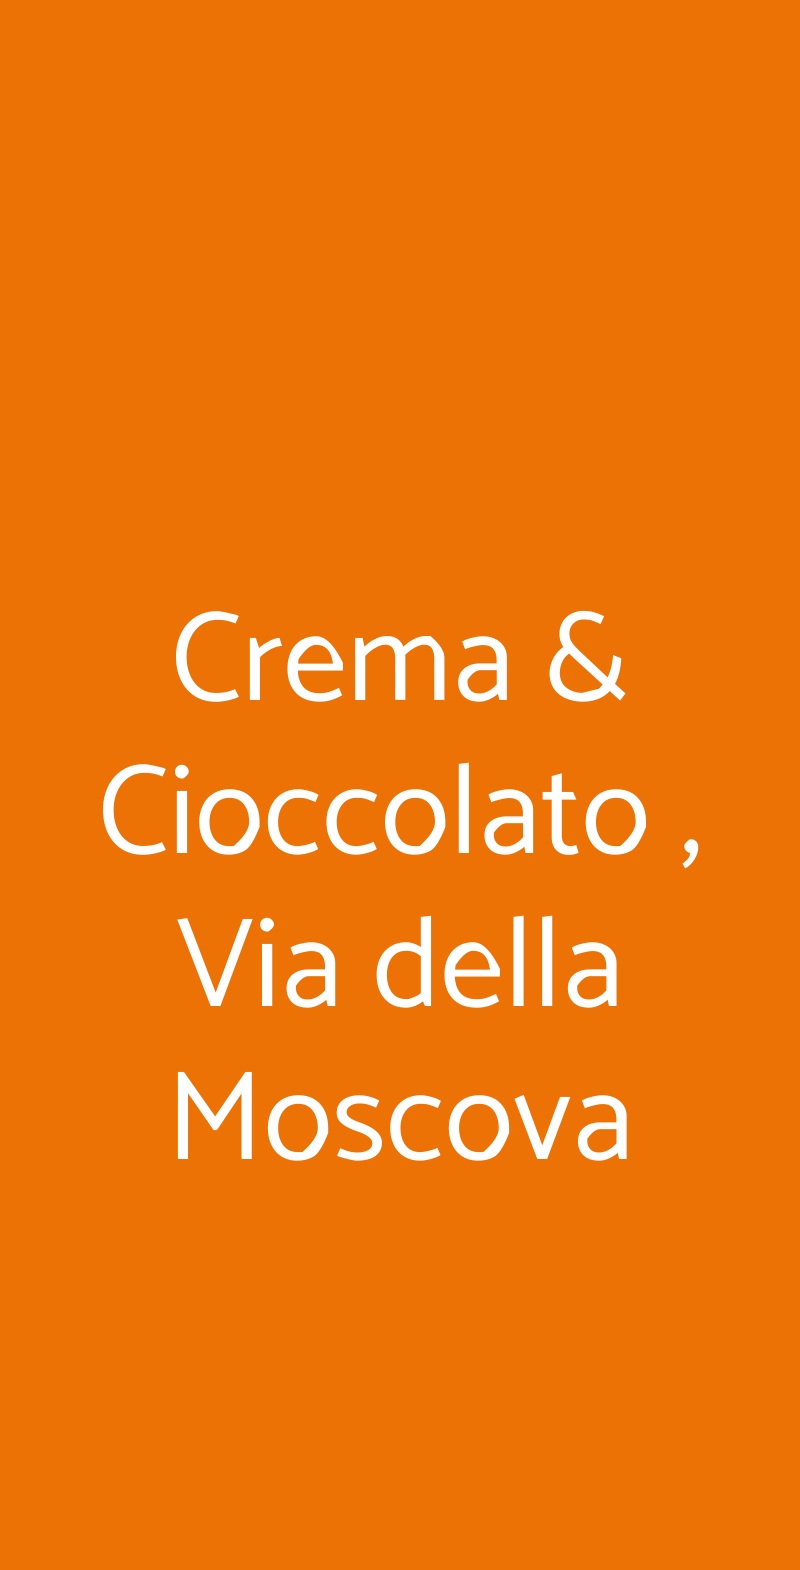 Crema & Cioccolato , Via della Moscova Milano menù 1 pagina
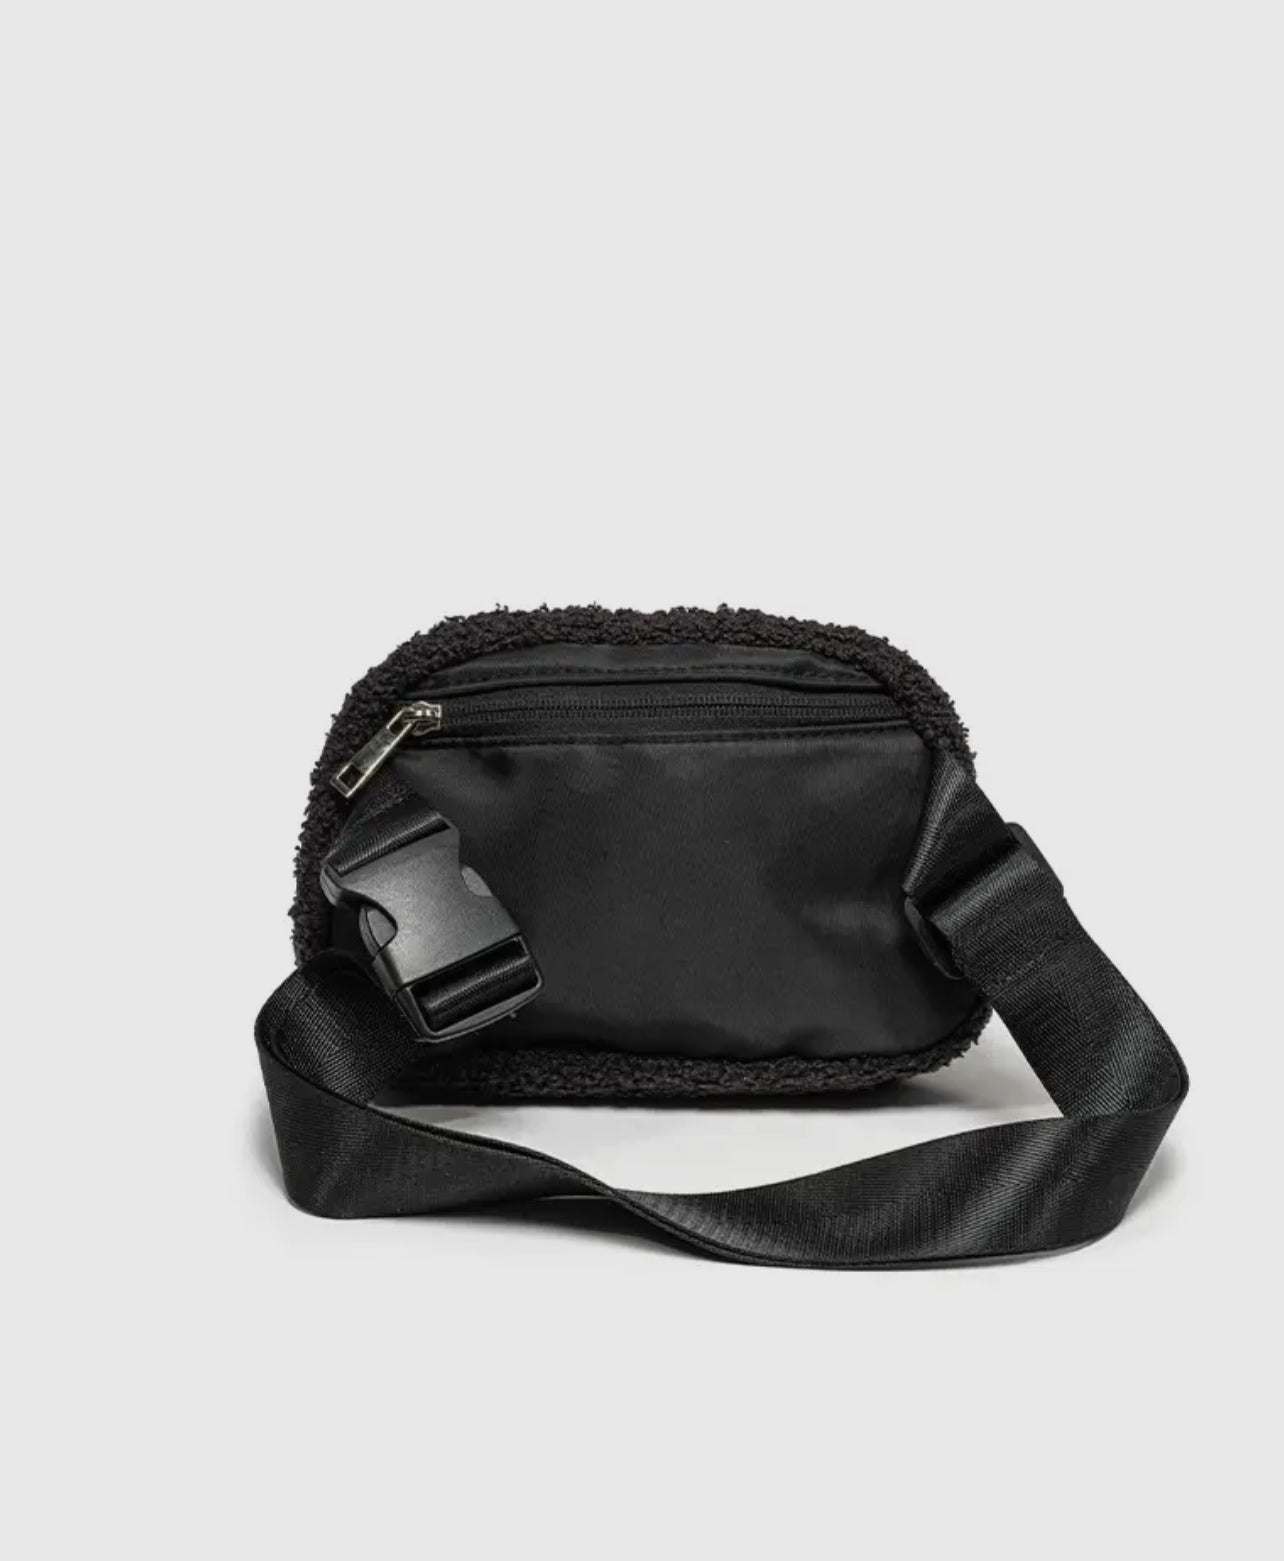 Black & White Checkered Belt Bag
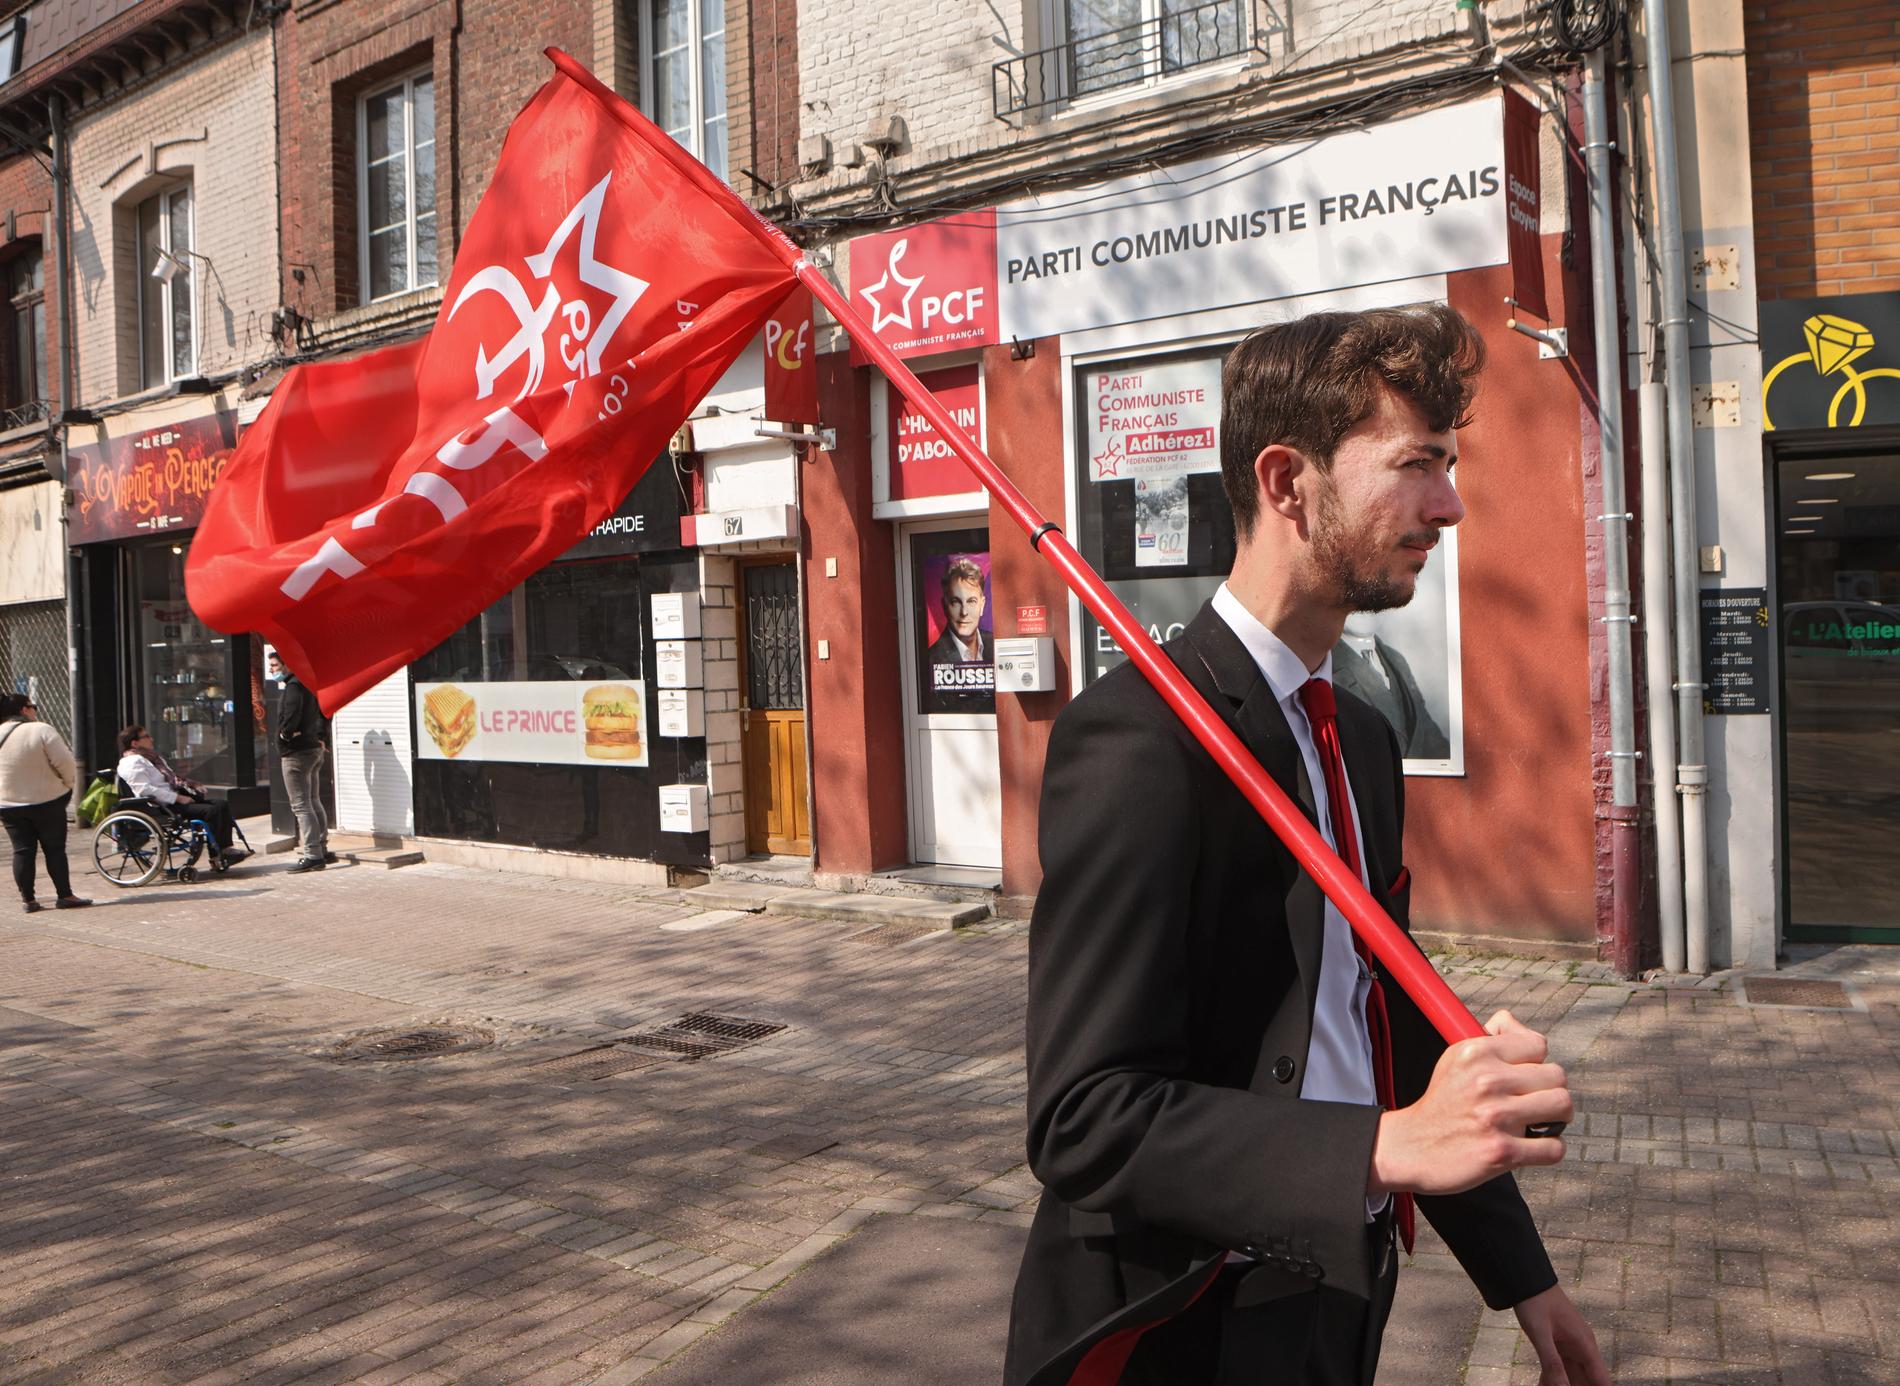 19-åriga kommunisten Evan Bourgouis på väg till en demonstration.

= = = =

### How to complete this task
Please write out the material from the line containing "Black & White Checkered Belt Bag" to its final line, both inclusive, exactly as it appears; pictures are not part of the copy.

### Completed exercise
 Black & White Checkered Belt Bag
 19-åriga kommunisten Evan Bourgouis på väg till en demonstration.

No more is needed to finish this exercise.